**TASK DESCRIPTION**
Only the lines below from the one containing "Venditore a vendere" through the one containing "Orange x Coupe du monde France 2023 (rugby)" belong in the answer, repeated exactly and without pictures.
======== MATERIAL SHOWN
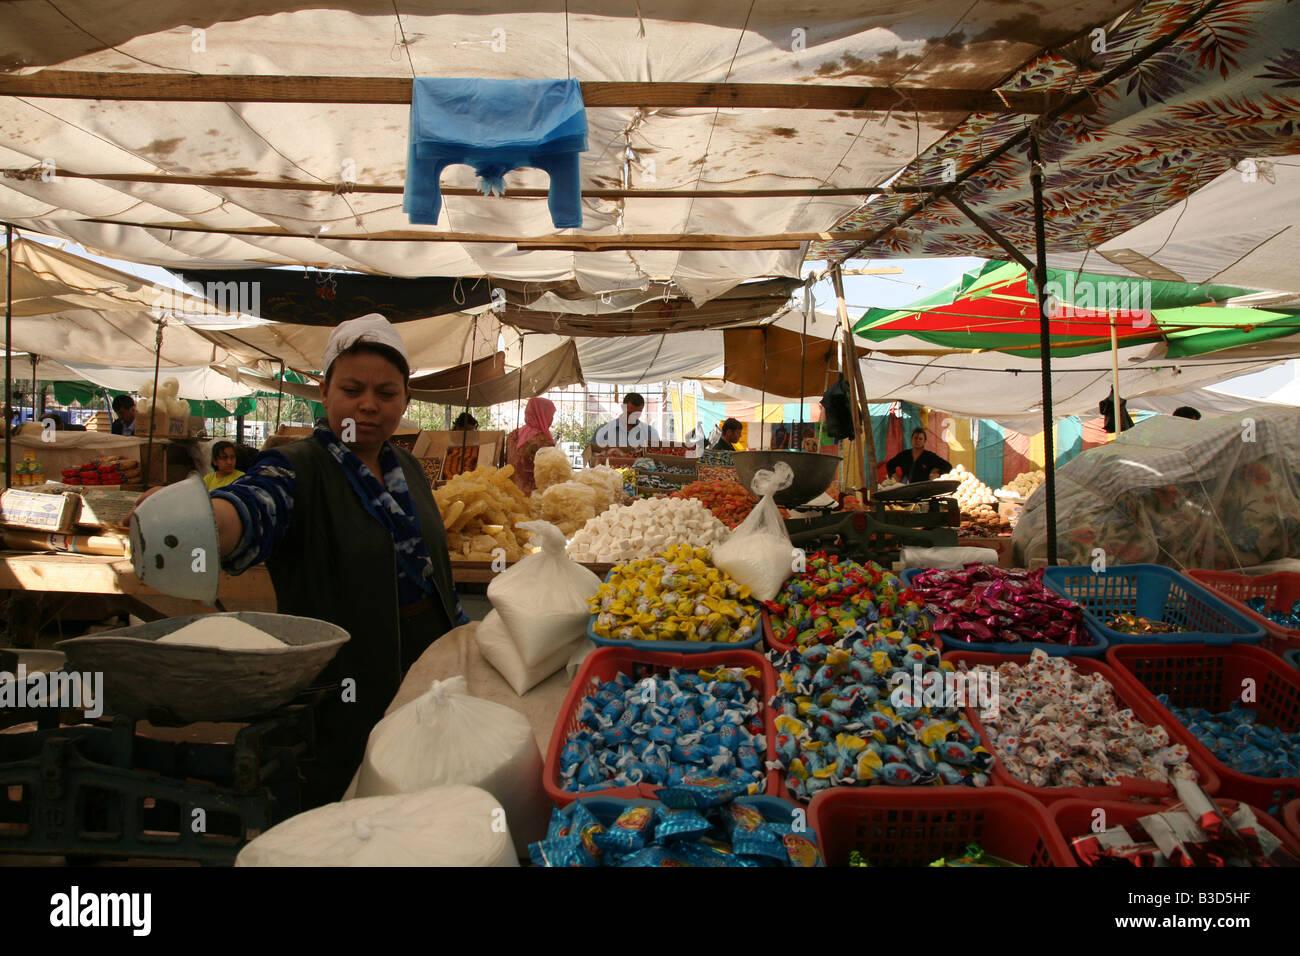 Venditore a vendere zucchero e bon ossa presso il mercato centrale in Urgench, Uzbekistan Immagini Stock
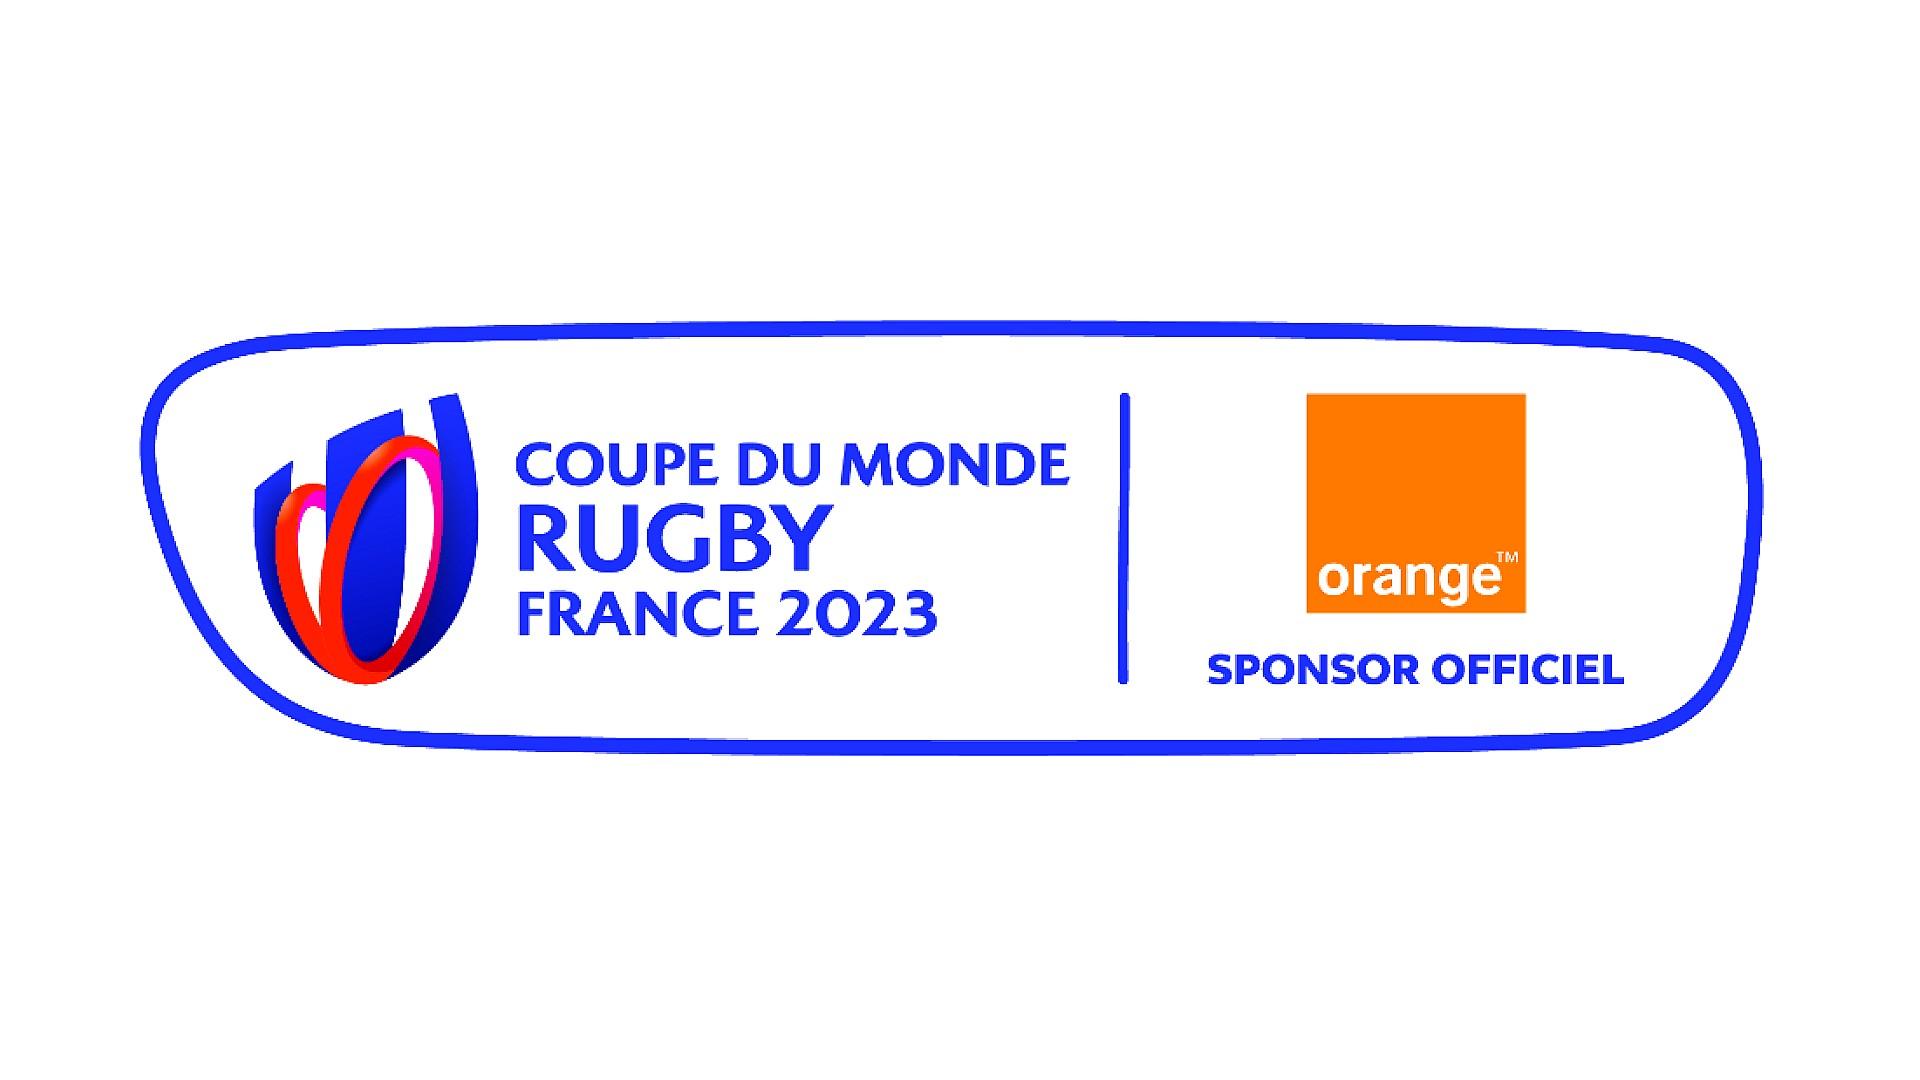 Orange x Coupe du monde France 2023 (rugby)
================
======== MATERIAL SHOWN
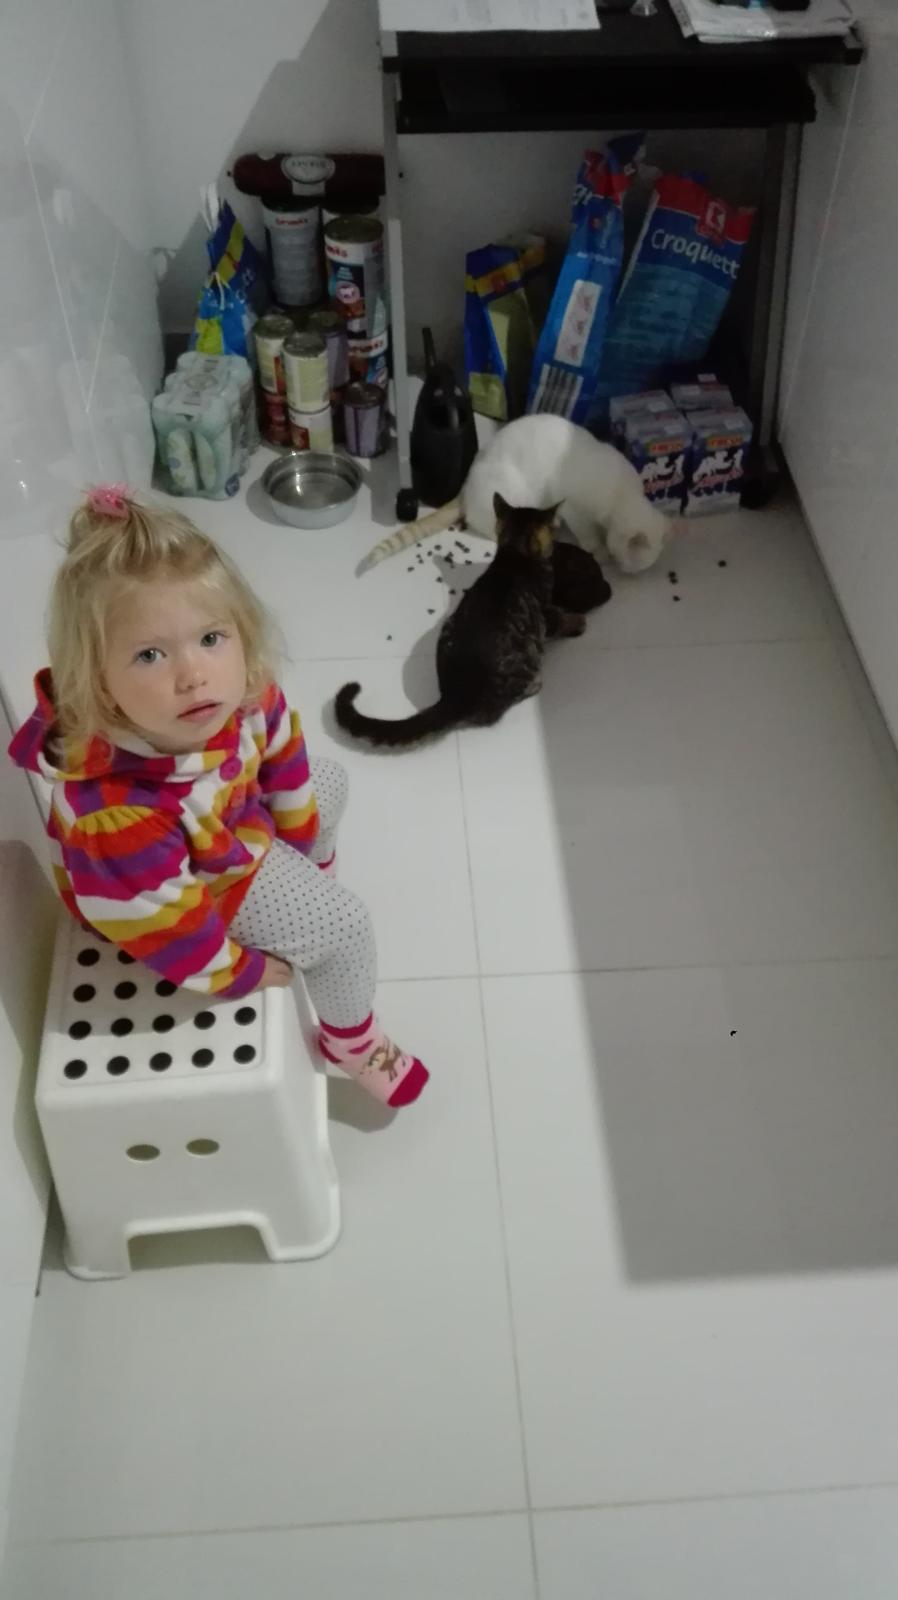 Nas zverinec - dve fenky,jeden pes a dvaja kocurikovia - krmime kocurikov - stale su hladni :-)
================
======== MATERIAL SHOWN
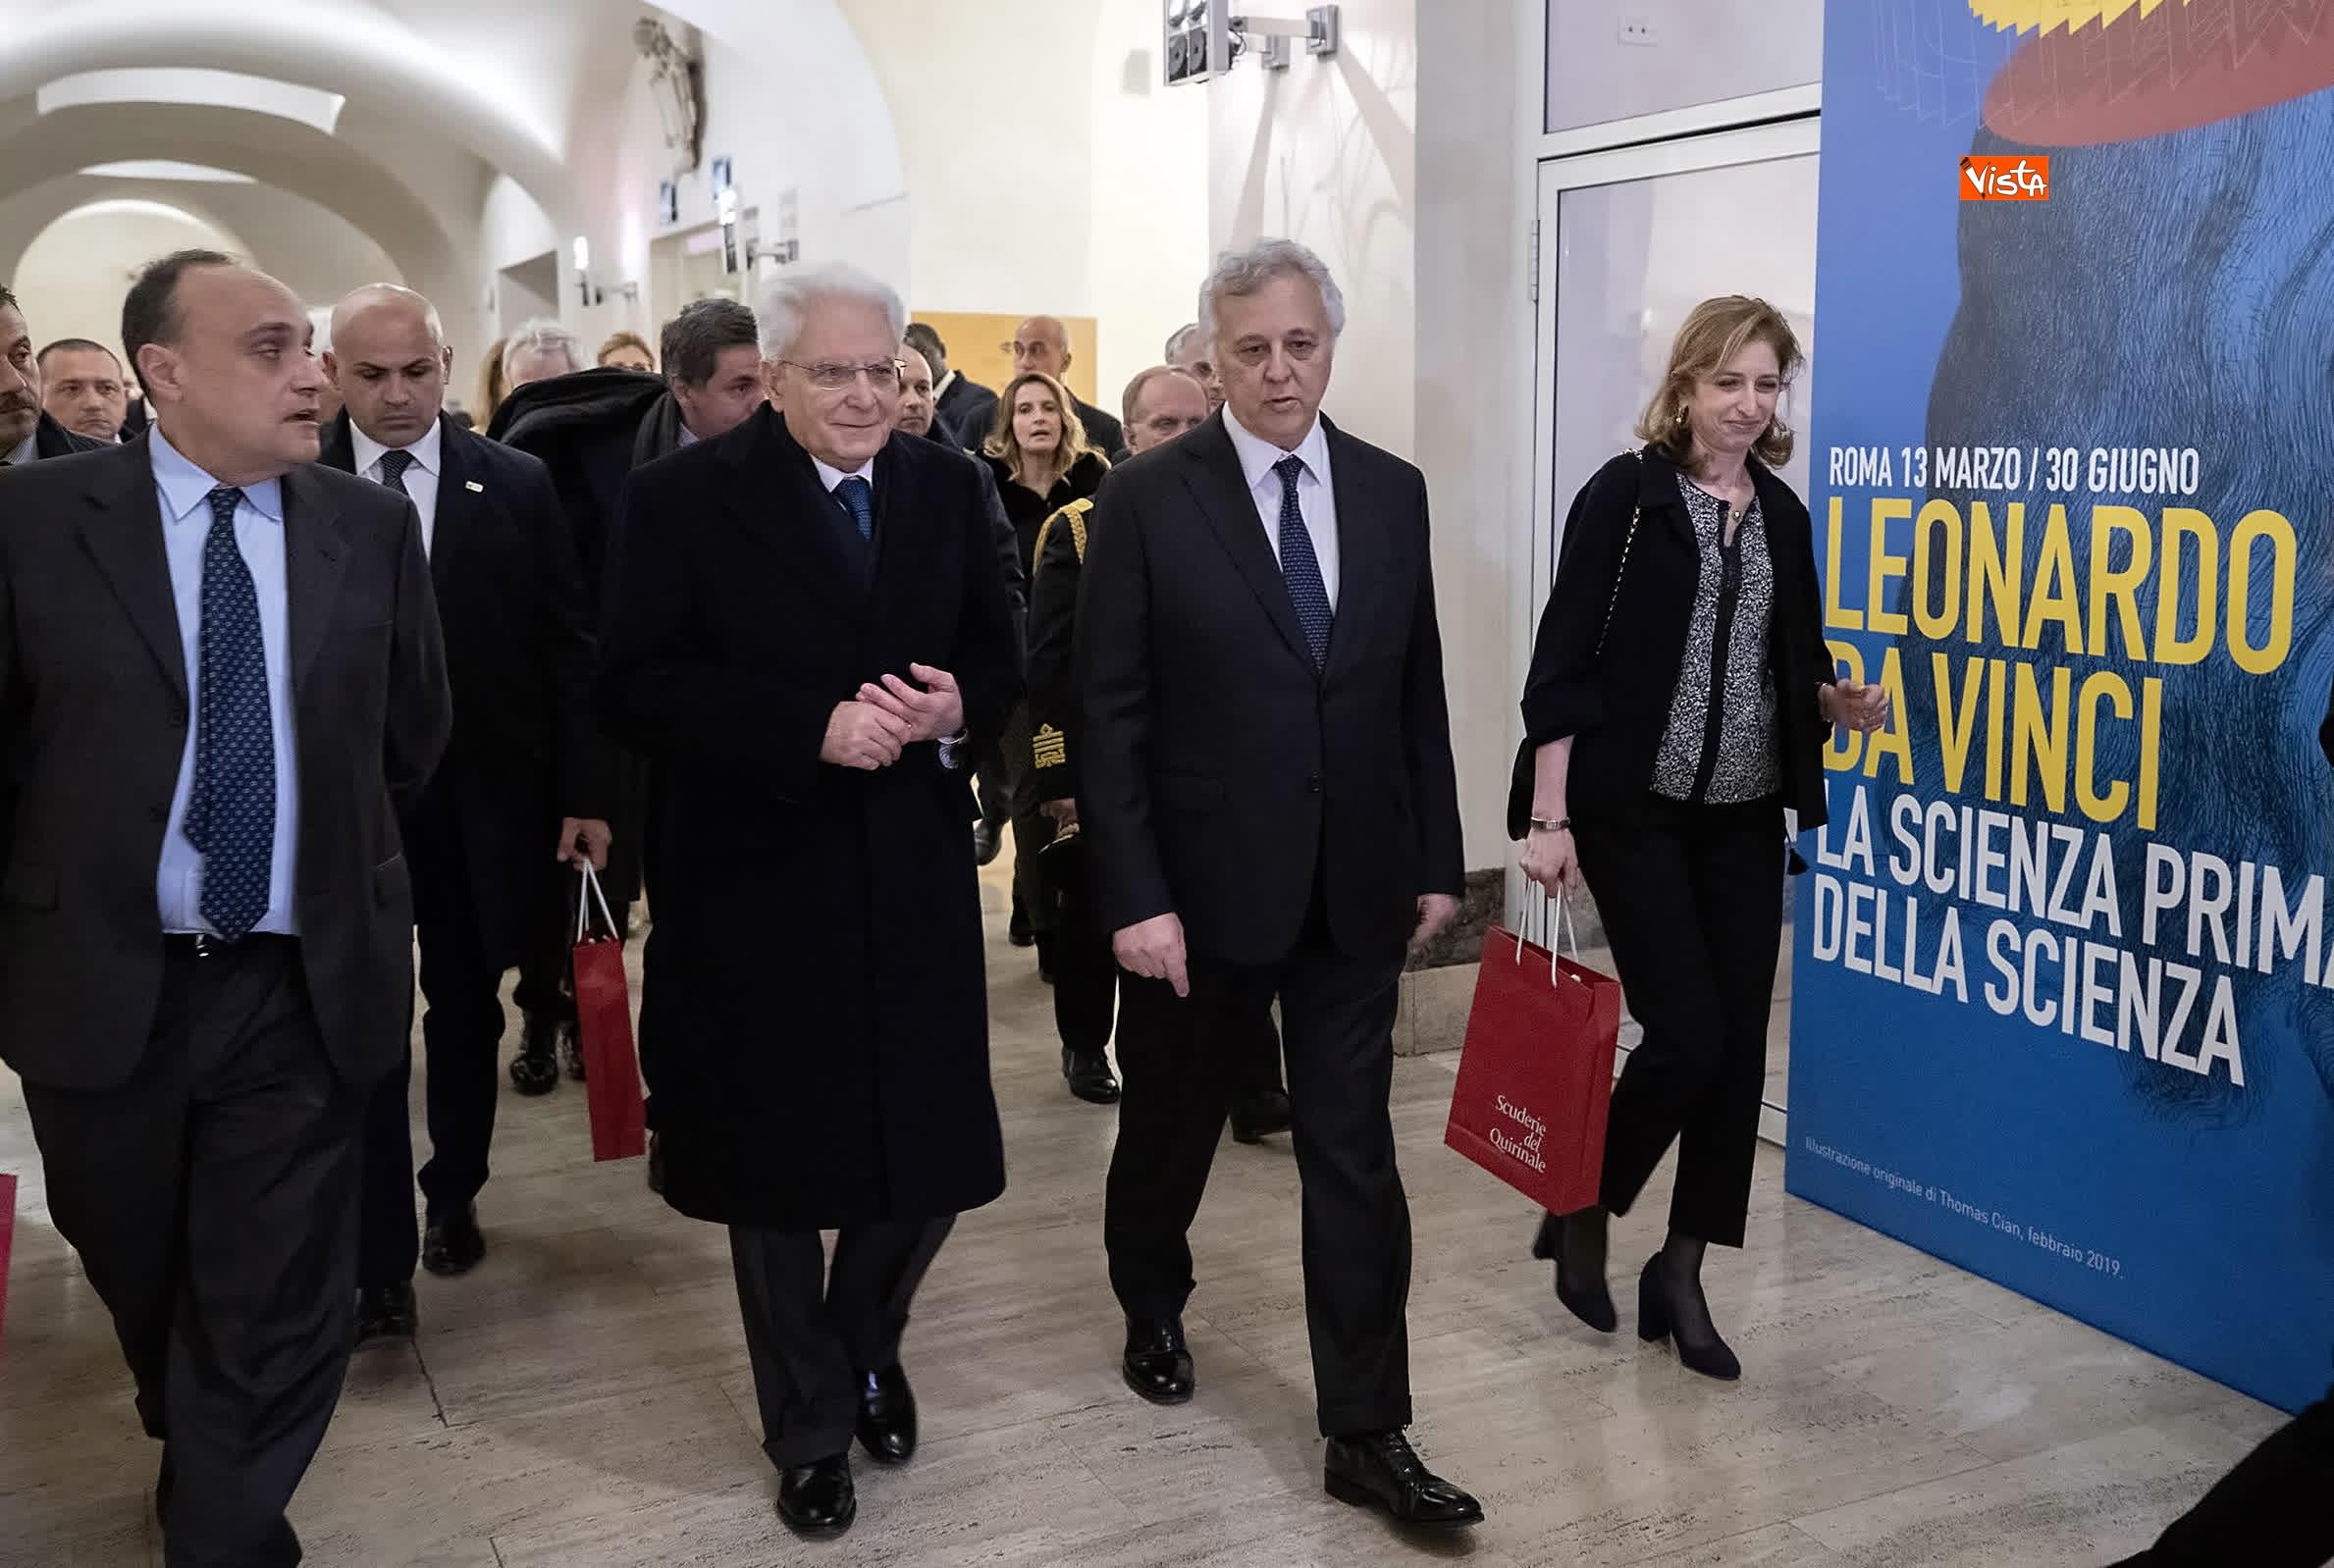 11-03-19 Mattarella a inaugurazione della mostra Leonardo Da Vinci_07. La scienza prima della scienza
================
**YOUR SOLUTION**
 Venditore a vendere zucchero e bon ossa presso il mercato centrale in Urgench, Uzbekistan Immagini Stock
 Orange x Coupe du monde France 2023 (rugby)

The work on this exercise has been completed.